There is nothing in Robert Ward's life or literary eminence to require or even justify so large a space as his nephew has bestowed upon it. Strictly speaking, indeed, the biography occupies but a small portion of these bulky volumes, which are chiefly filled with remains or correspondence; and much of that little is not distinguished for matter or character. The correspondence is indifferent. The latter portion of it is mainly devoted to literary criticism, or compliments, having for subject the author's works or those of his praisers; and is weak and flimsy to a degree. The earlier portion principally relates to politics, especially to the intrigues carried on by Canning and Malmesbury during the Addington Ministry to procure Pitt's premature return to office. To this Lord Mulgrave was judiciously opposed; and although there is nothing very new or particular in the account, and the letters are rather flat, it gives the Mulgrave version of the business. The most valuable part of the book, and which was, indeed, well worthy of separate publication, is a diary that Mr. Ward kept through a considerable portion of his official life, beginning in June 1809, and continuing with a short interruption till the death of Perceval, when it ceased till 1819; after which it was maintained to a later period than Mr. Phipps thinks it proper to publish it. This diary consists of gossip, anecdote, on dits, and confidential communications made to Mr. Ward on various occasions and at critical times, together with his own observations and reflections on affairs, or remarks on characters. As he was much in the confidence of Perceval, saw a good deal of the Duke of Wellington, (Master-General of the Ordnance during the era of the Manchester massacre and Sidmouth's spy doings,) and was continually behind the scenes, the diary is both curious and amusing. Allowance must of course be made for the writer's position as a partisan, and some of his later notions are those of the "laudator temporis acti," speaking without responsibility; but it is sufficiently interesting to raise a desire for the whole, published as a diary, and not mixed up with other matters to which it has small relation.

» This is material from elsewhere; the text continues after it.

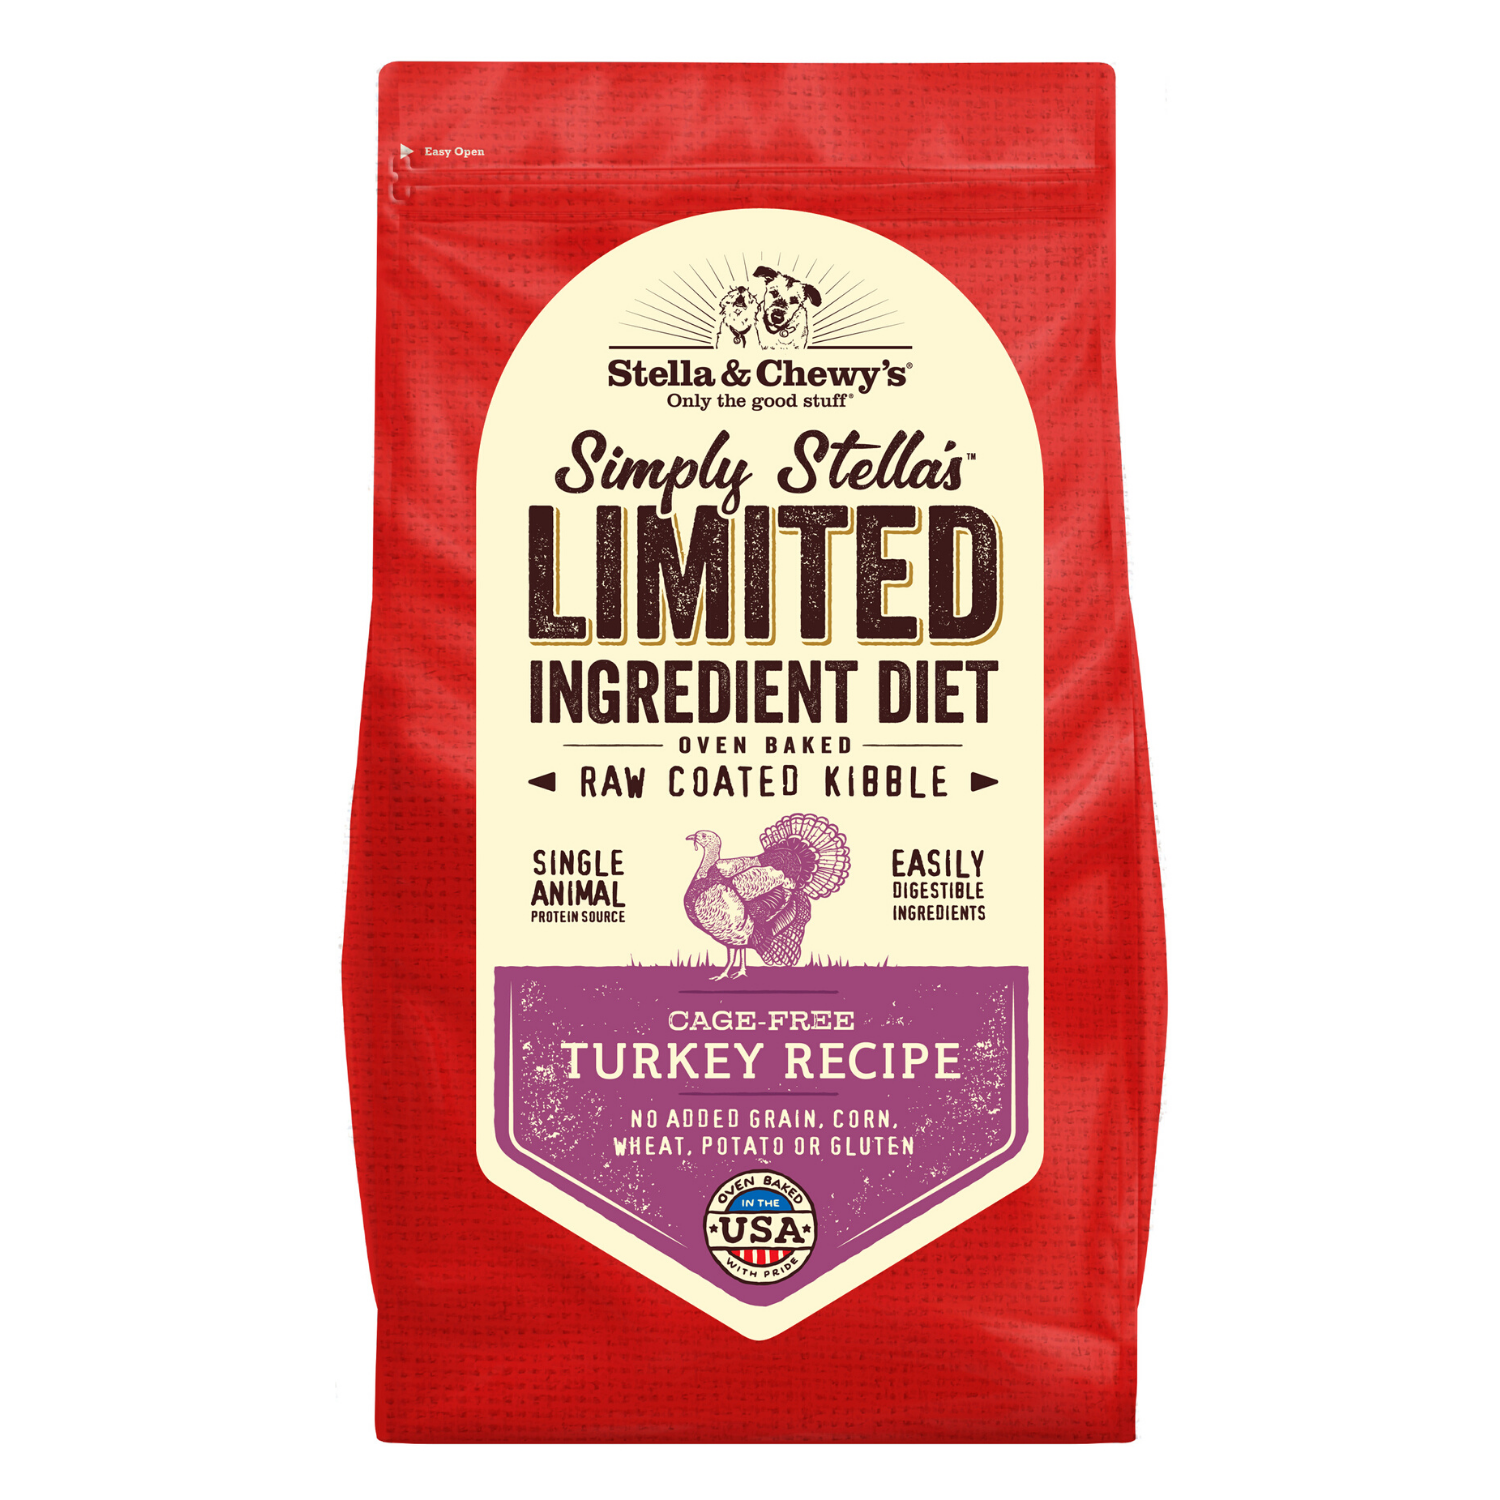 [DISCONTINUED] Stella & Chewy’s Simply Stella's Limited Ingredients Diet (Cage Free Turkey) - 1.59kg / 9.98kg

The diary begins with Canning's intrigue against Castlereagh; and Canning is occasionally brought forward in the earlier period, and painted with a good deal of shadow, (he was then in a sort of opposition to Perceval,) and altogether a very different personage from the Wentworth of De Vere. Lord Palmerston, then a "very fine young man," and a promising candidate for place, with no other faults, in Mr. Ward's estimation, than what he has certainly got rid of long since—nervousness and modesty!—also figures in the pages, and at a critical conjuncture of his fortunes.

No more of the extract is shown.